On Mon, 20 Apr 2026 09:36:16 +0100,
Akihiko Odaki <odaki@rsg.ci.i.u-tokyo.ac.jp> wrote:
> 
> On 2026/04/20 2:19, Marc Zyngier wrote:
> > On Sat, 18 Apr 2026 09:14:25 +0100,
> > Akihiko Odaki <odaki@rsg.ci.i.u-tokyo.ac.jp> wrote:
> >> 
> >> On a heterogeneous arm64 system, KVM's PMU emulation is based on the
> >> features of a single host PMU instance.
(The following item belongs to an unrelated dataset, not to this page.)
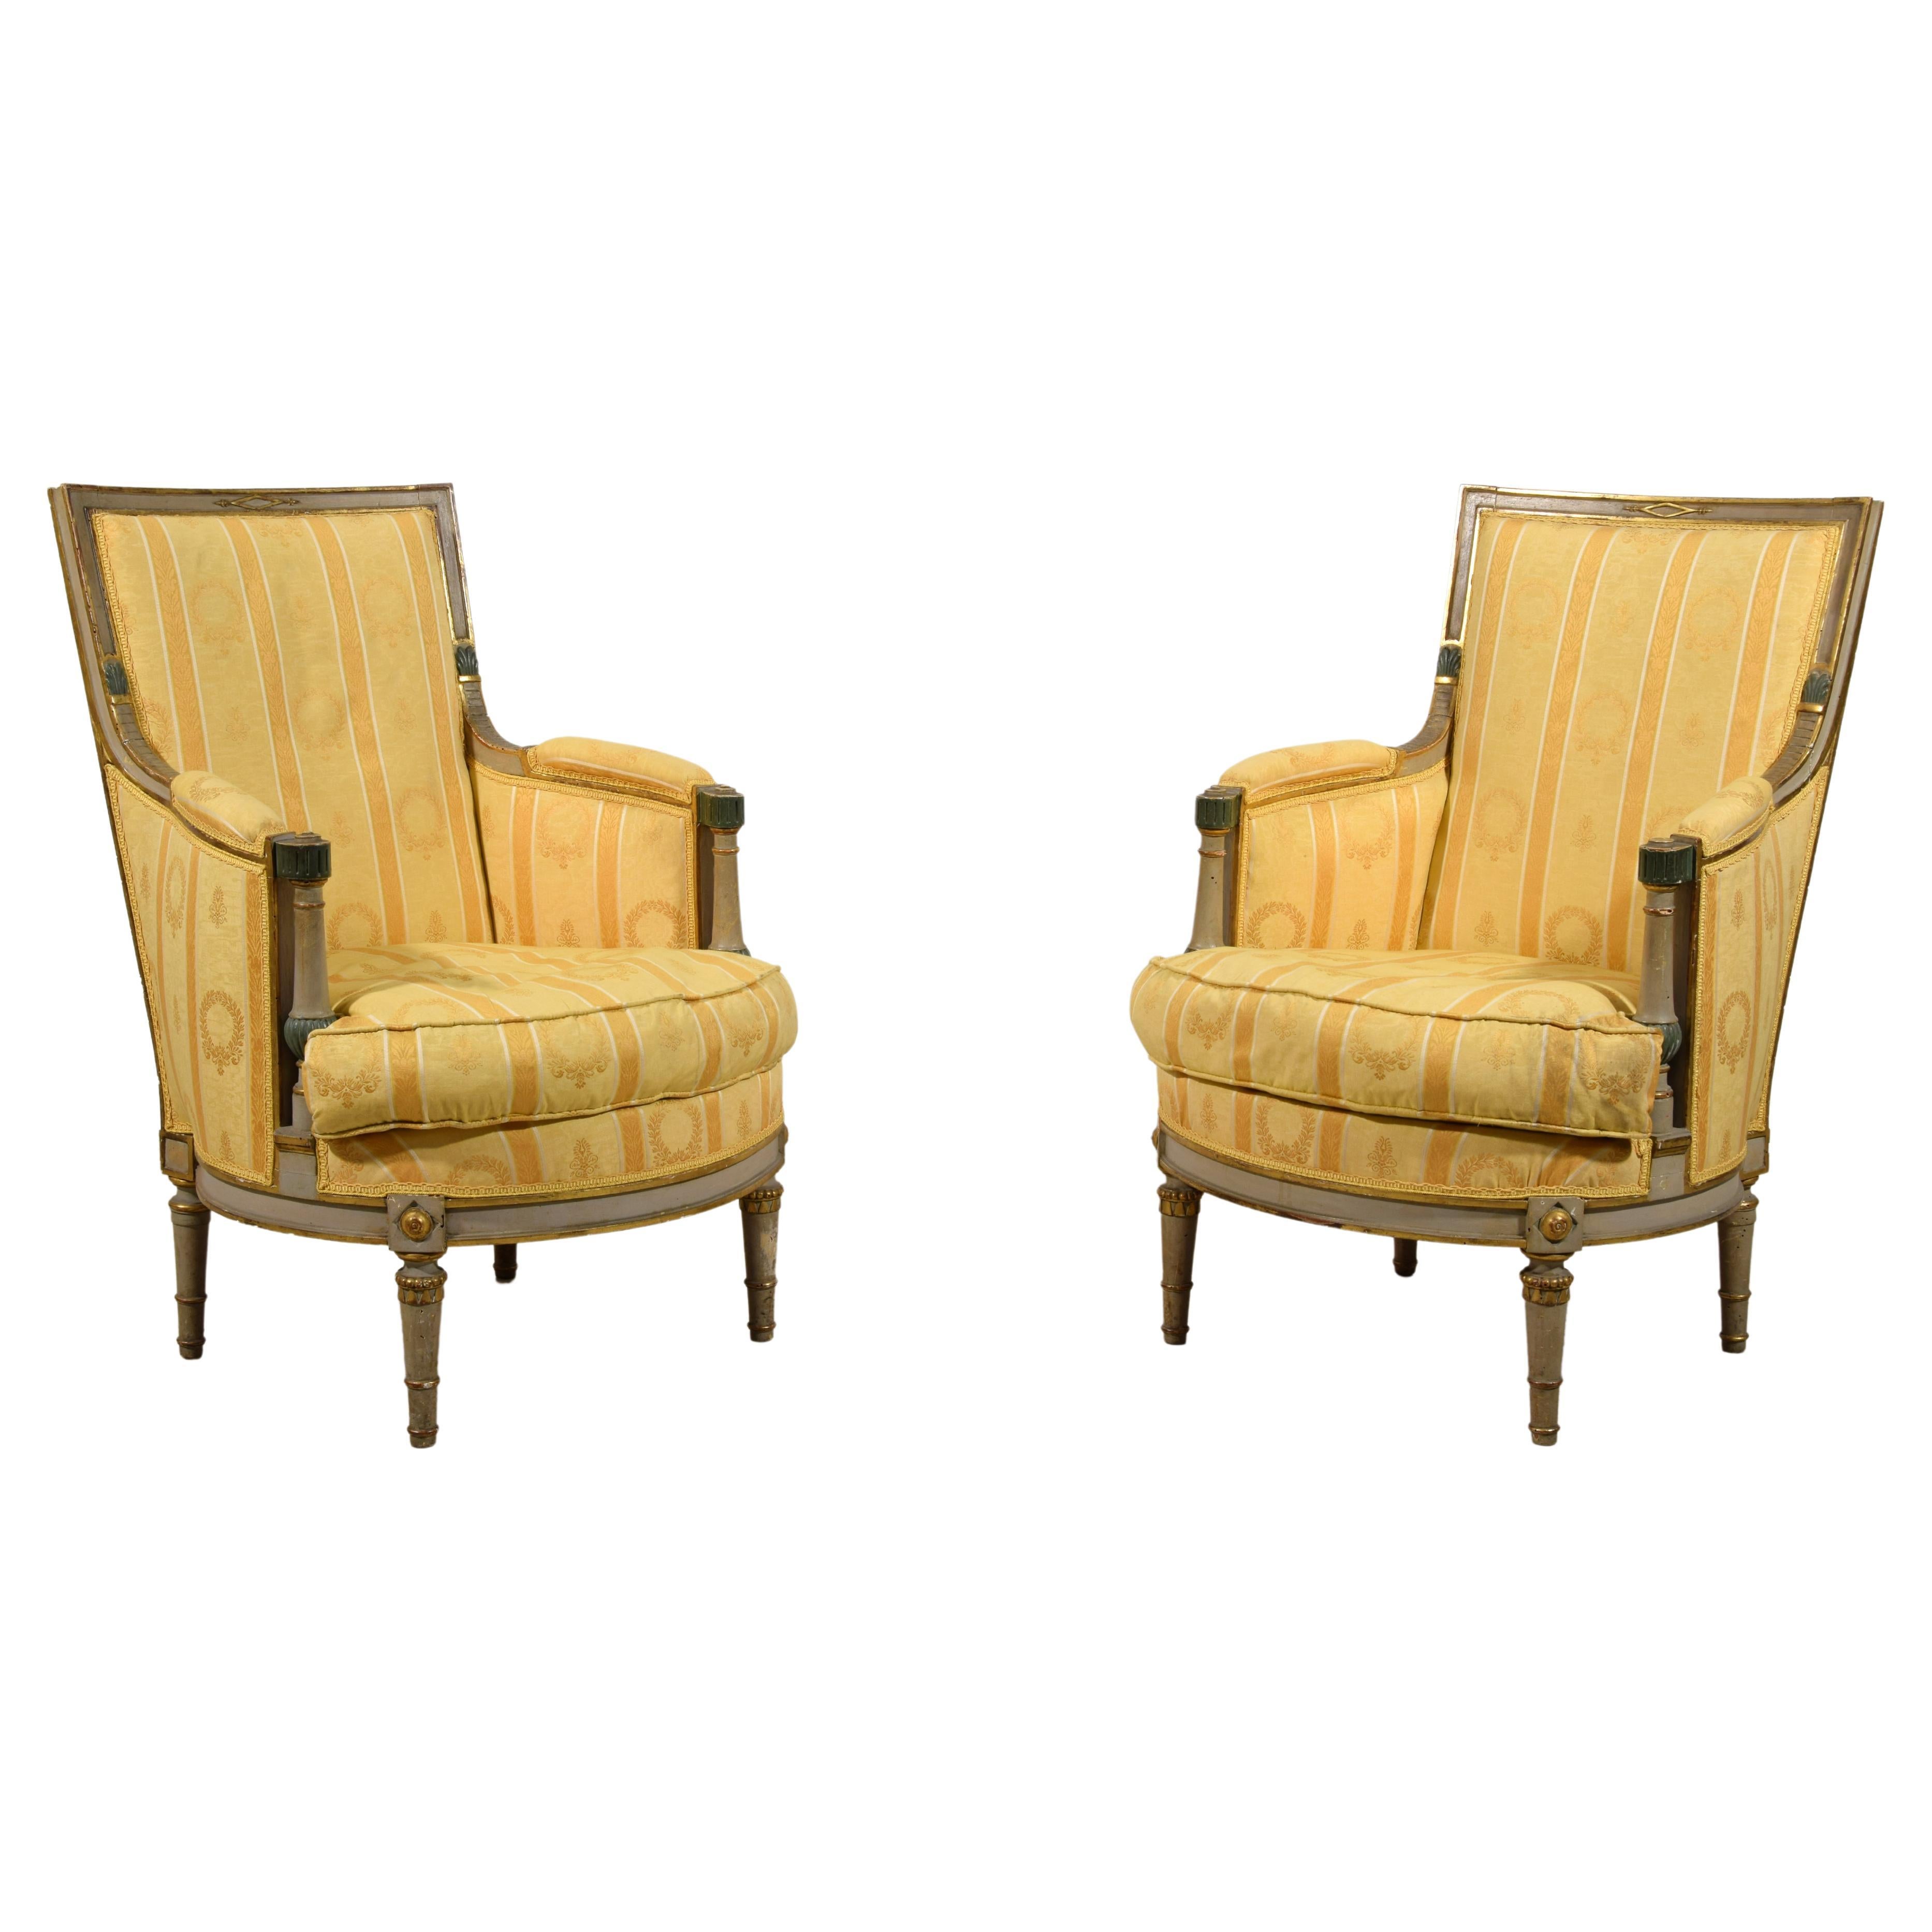 19th Century, Pair of French Lacquered and Giltwood Armchairs

When a vCPU is migrated to a
> >> pCPU with an incompatible PMU, counters such as PMCCNTR_EL0 stop
> >> incrementing.
> >> 
> >> Although this behavior is permitted by the architecture, Windows does
> >> not handle it gracefully and may crash with a division-by-zero error.
> >> 
> >> The current workaround requires VMMs to pin vCPUs to a set of pCPUs
> >> that share a compatible PMU. This is difficult to implement correctly in
> >> QEMU/libvirt, where pinning occurs after vCPU initialization, and it
> >> also restricts the guest to a subset of available pCPUs.
> >> 
> >> Introduce the KVM_ARM_VCPU_PMU_V3_FIXED_COUNTERS_ONLY attribute to
> >> create a "fixed-counters-only" PMU. When set, KVM exposes a PMU that is
> >> compatible with all pCPUs but that does not support programmable
> >> event counters which may have different feature sets on different PMUs.
> >> 
> >> This allows Windows guests to run reliably on heterogeneous systems
> >> without crashing, even without vCPU pinning, and enables VMMs to
> >> schedule vCPUs across all available pCPUs, making full use of the host
> >> hardware.
> >> 
> >> Much like KVM_ARM_VCPU_PMU_V3_IRQ and other read-write attributes, this
> >> attribute provides a getter that facilitates kernel and userspace
> >> debugging/testing.
> > 
> > OK, so that's the sales pitch. But how is it implemented? I would like
> > to be able to read a high-level description of the implementation
> > trade-offs.
> 
> Implementation-wise it is very trivial. Essentially the following
> addition in kvm_arm_pmu_v3_get_attr() is the entire implementation:
> +	case KVM_ARM_VCPU_PMU_V3_FIXED_COUNTERS_ONLY:
> +		if (test_bit(KVM_ARCH_FLAG_PMU_V3_FIXED_COUNTERS_ONLY,
> &vcpu->kvm->arch.flags))
> +			return 0;
> 
> Both its functionality and code complexity is trivial. So we can argue that:
> - the functionality is too trivial to be useful or
> - the interface/implementation complexity is so trivial that it does not
>   incur maintenance burden
> 
> In this case the selftest uses the getter so I was more inclined to
> have it, but adding one just for the selftest sounds too ad-hoc, so
> here I looked into other attributes to ensure that it was not
> introducing inconsistency with existing interfaces.
> 
> As the result, I found there are other read-write attributes; in fact
> there are more read-write attributes than write-only ones.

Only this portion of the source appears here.